BRIEF DESCRIPTION OF THE DRAWINGS
[0011] For a more complete understanding of the present invention
and the advantages thereof, reference is now made to the following
descriptions taken in conjunction with the accompanying drawings,
in which:
[0012] FIG. 1 depicts an extensible Web-based remote access
architecture in which exemplary aspects of the synchronization
method of this disclosure may be implemented;
[0013] FIG. 2 is an illustrative synchronization network according
to this disclosure;
[0014] FIG. 3 is a simple connected circle graph comprising a
synchronization network;
[0015] FIG. 4 illustrates how selected nodes in the connected
circle graph are connected to one another according to the
techniques of this disclosure; and
[0016] FIG. 5 illustrates a technique for implementing a crossover
connection according to a variant of the disclosed scheme.

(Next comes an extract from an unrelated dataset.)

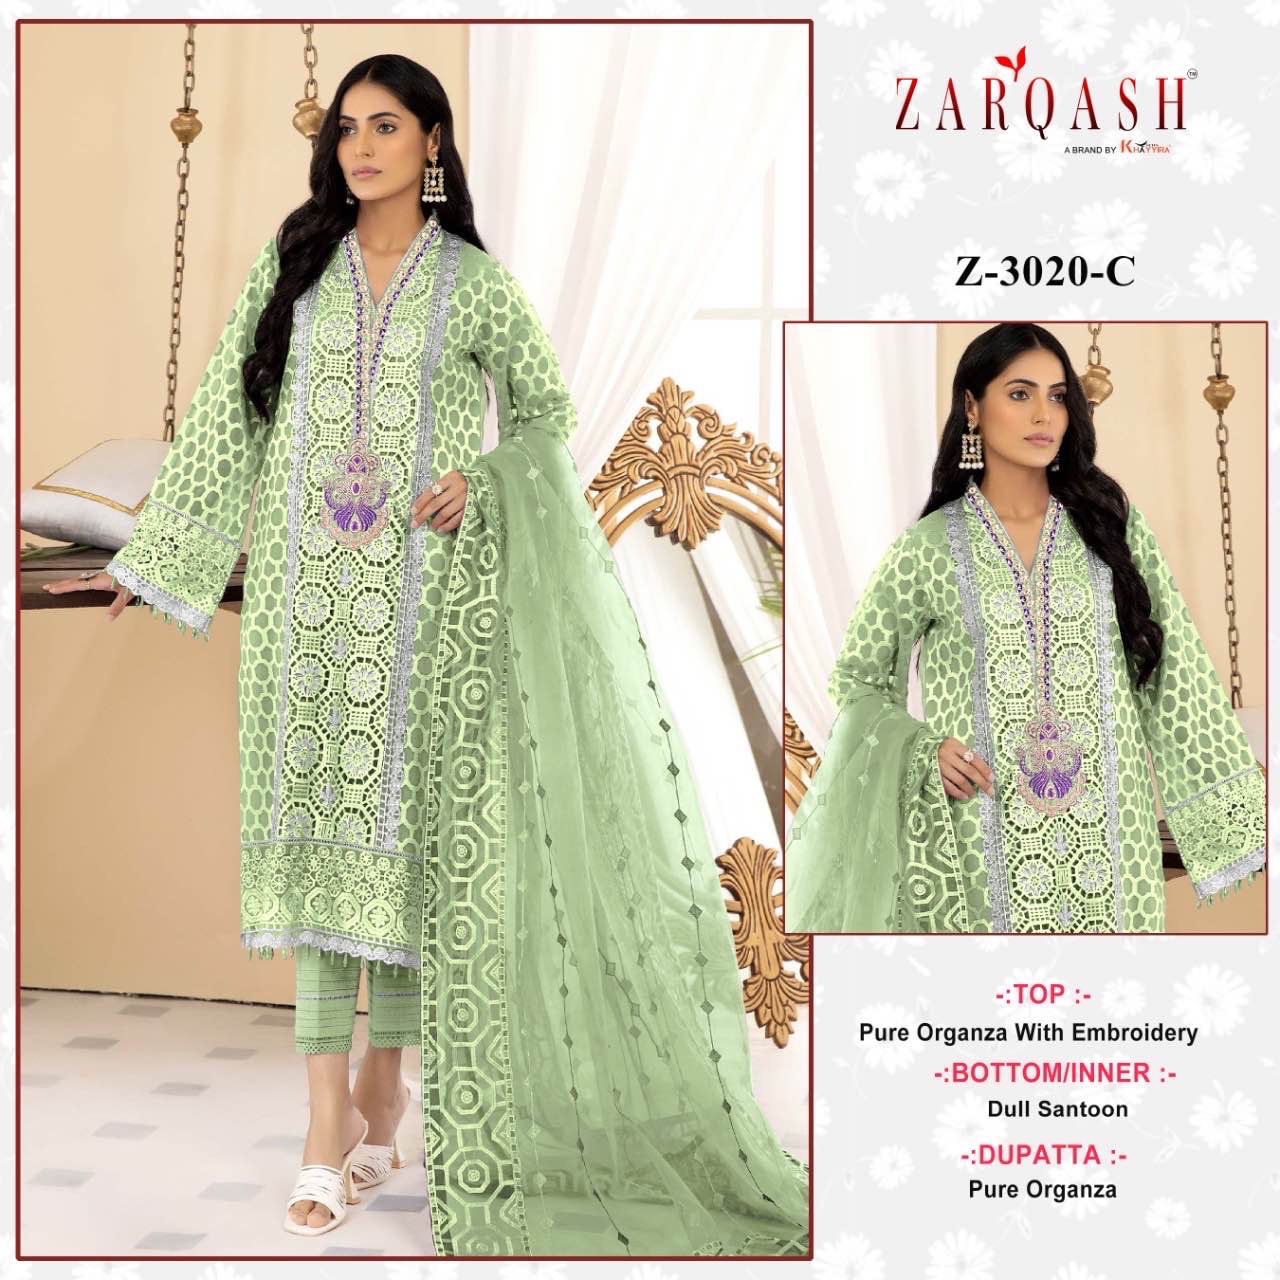 Zarqash Suits Z-3020-C
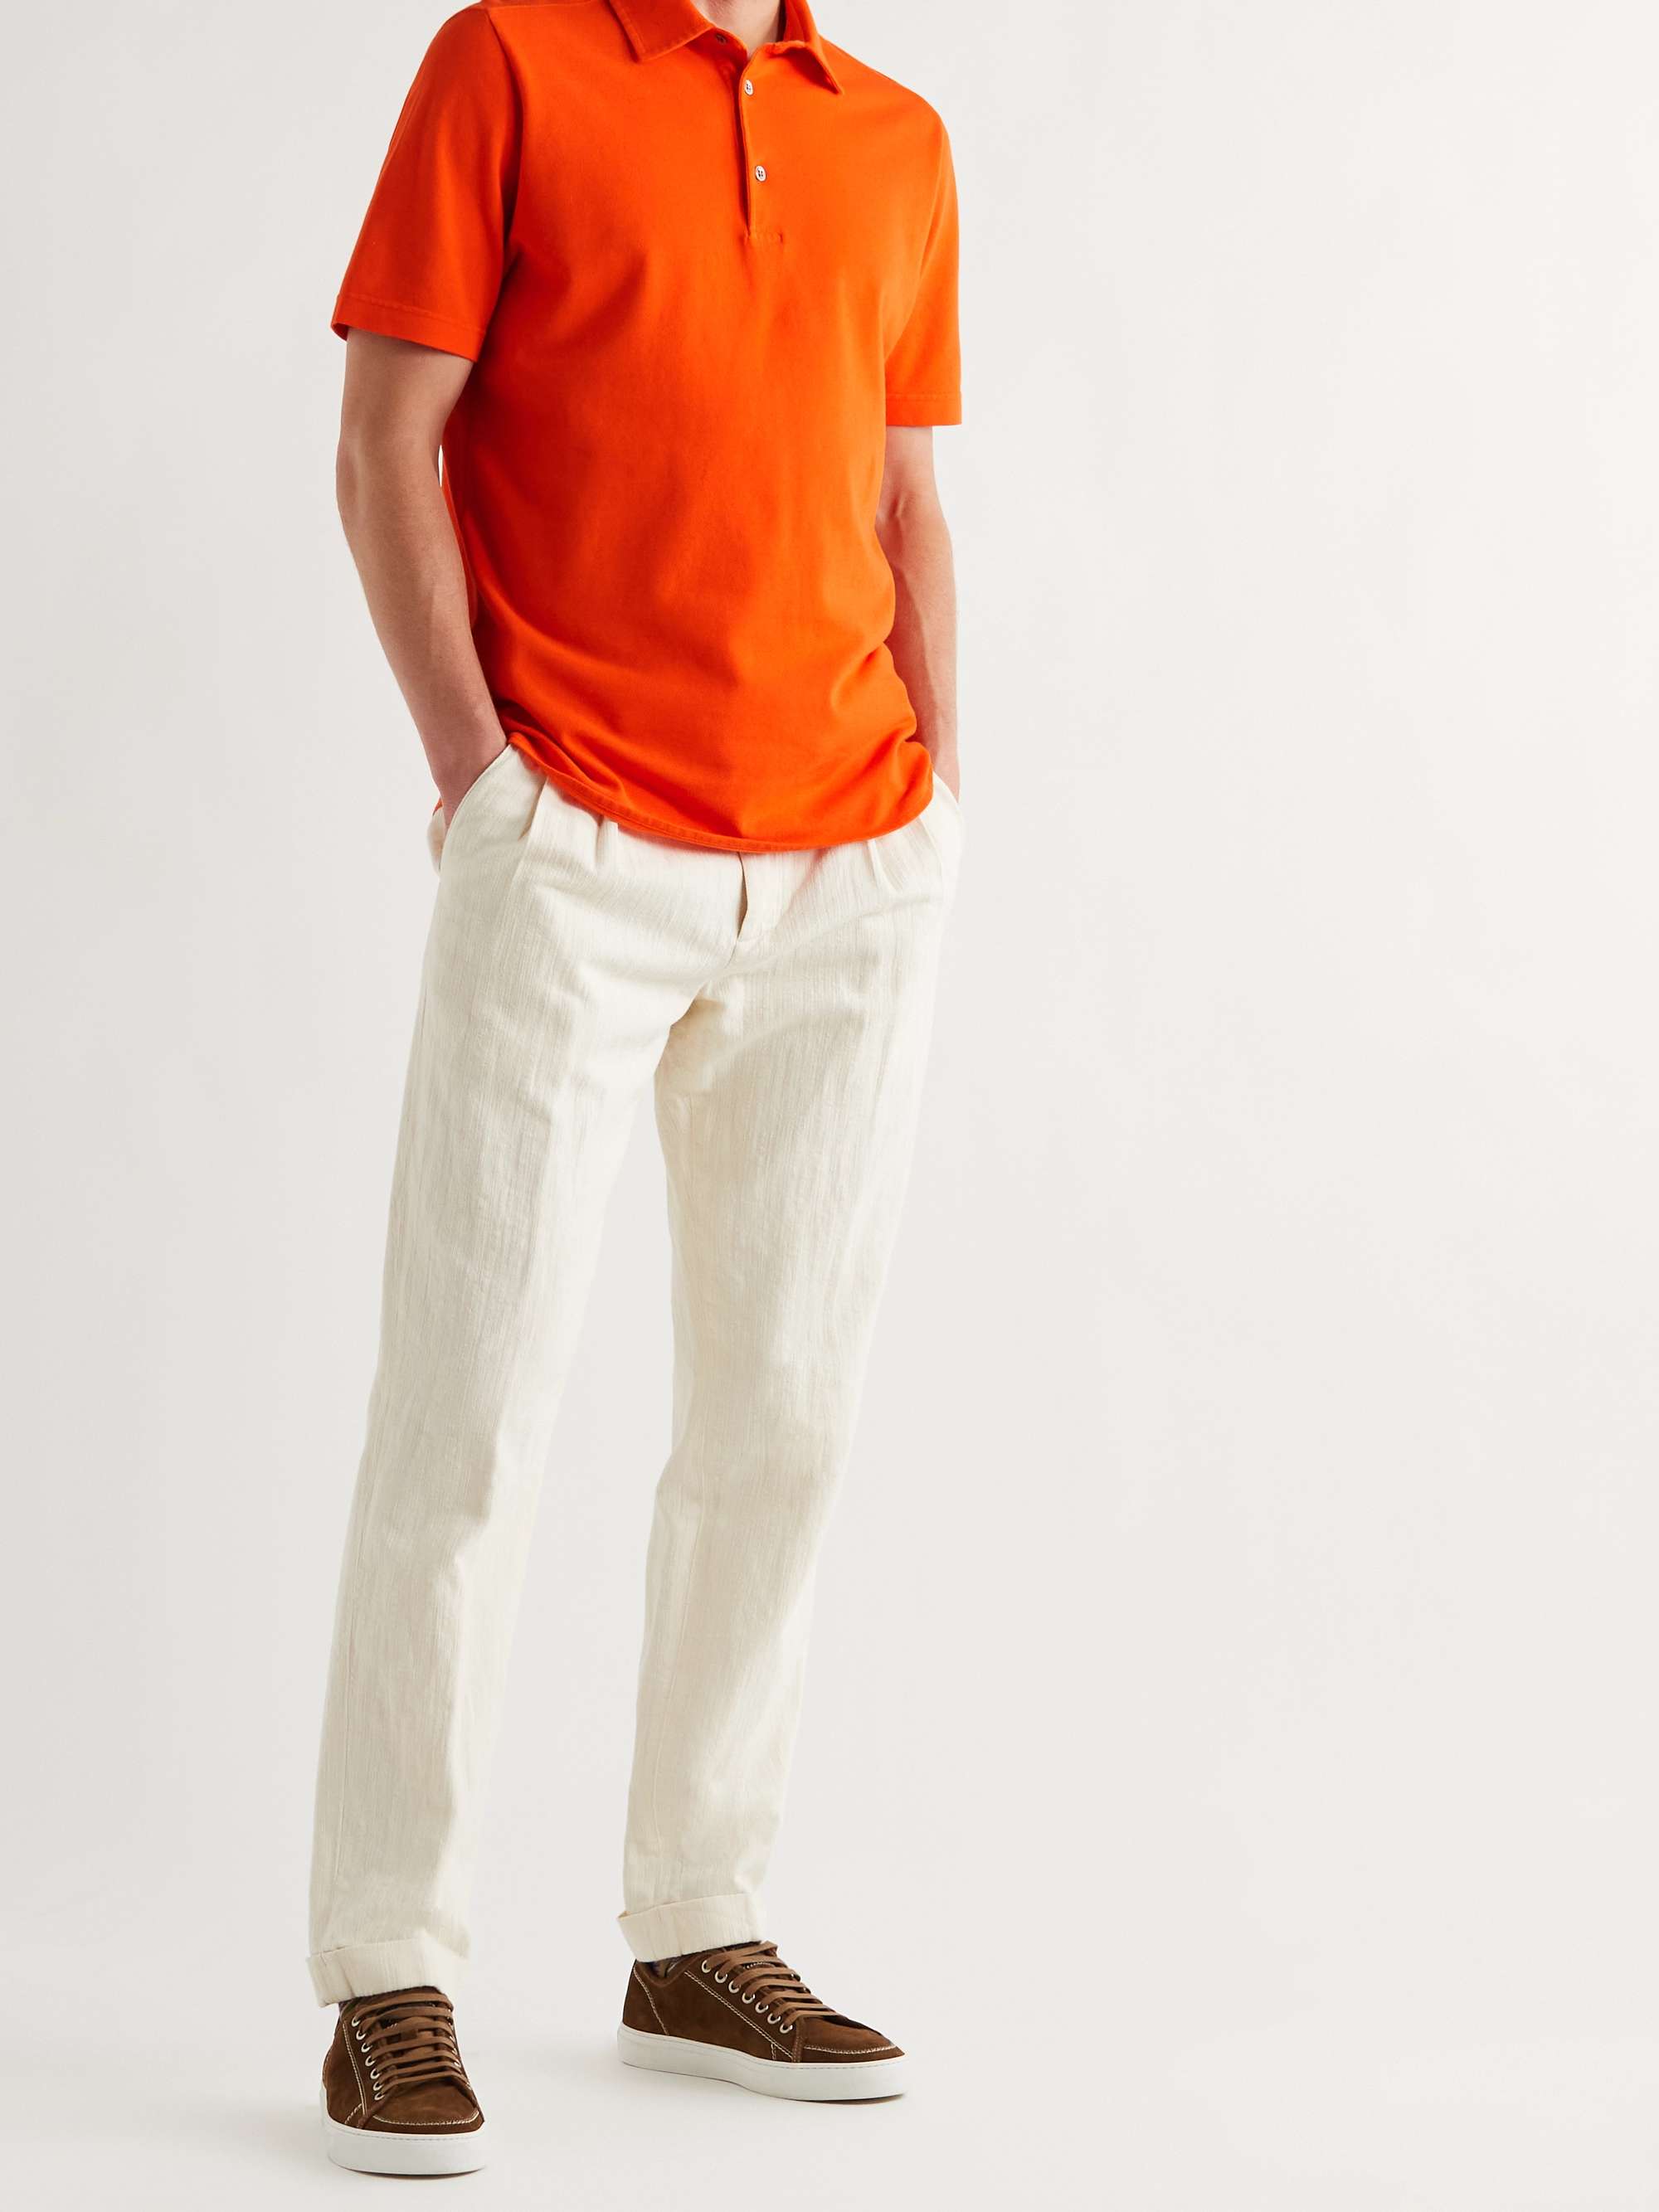 Cotton-Piqué Polo Shirt

DETAILED DESCRIPTION OF AN ILLUSTRATIVE EMBODIMENT
[0017] FIG. 1 illustrates a high level view of a remote access
architecture 100 in which the disclosed technique may be practiced.
This architecture is merely representative, and it should not be
taken as limiting. Preferably, the architecture comprises "n-tiers"
that include a web server tier 102, a database tier 104, and a
gateway tier 106. The web server tier 102 comprises a plurality of
machines that each executes web server software. The web server
tier provides an Internet-accessible web site. Preferably, the web
site associated with a site domain (however designated) is
available from multiple locations that collectively comprise the
web server tier 102. The database tier 104 comprises a plurality of
machines that each executes database server software. The database
tier provides a network-accessible data storage service for
generating and storing data associated with end user sessions to
the remote access service. The gateway tier 106 comprises a
plurality of machines that each executes application server
software. The gateway tier provides a network-accessible connection
service for establishing and maintaining connections between and
among the participating end user computers. Although not shown,
preferably end user computers connect to the gateway servers over
secure connections, e.g., over SSL, TLS, or the like. A
representative machine on which the web server, database server or
gateway server executes comprises commodity hardware (e.g., one or
more processors) running an operating system kernel, applications,
and utilities. In the remote access architecture, a computer or
other device 101 uses the illustrated infrastructure to access or
remotely control a host computer or device 103. In a representative
embodiment, the architecture provides a Web-based remote access
service, such as LogMeIn.RTM..
Building/Managing Synchronization Networks
[0018] The following describes a technique to build a network
capable of transferring virtually unlimited amount of data between
virtually unlimited amount of computers, with low operating and
computational costs. For convenience of description, the network is
sometimes referred to herein as a "synchronization network" (or a
"sync network"). Using the remote access architecture of FIG. 1 as
representative, a synchronization network 200 according to this
disclosure is represented in FIG. 2. Network 200 comprises hosts
202, 204, 206 and 208, gateway 210, and database 212. A host is
sometimes referred to herein as a "client" or a "node." In this
example scenario, which is not meant to be limiting, the hosts
correspond to the computers (such as 101 or 103) that use the
service infrastructure. The web tier is omitted for convenience.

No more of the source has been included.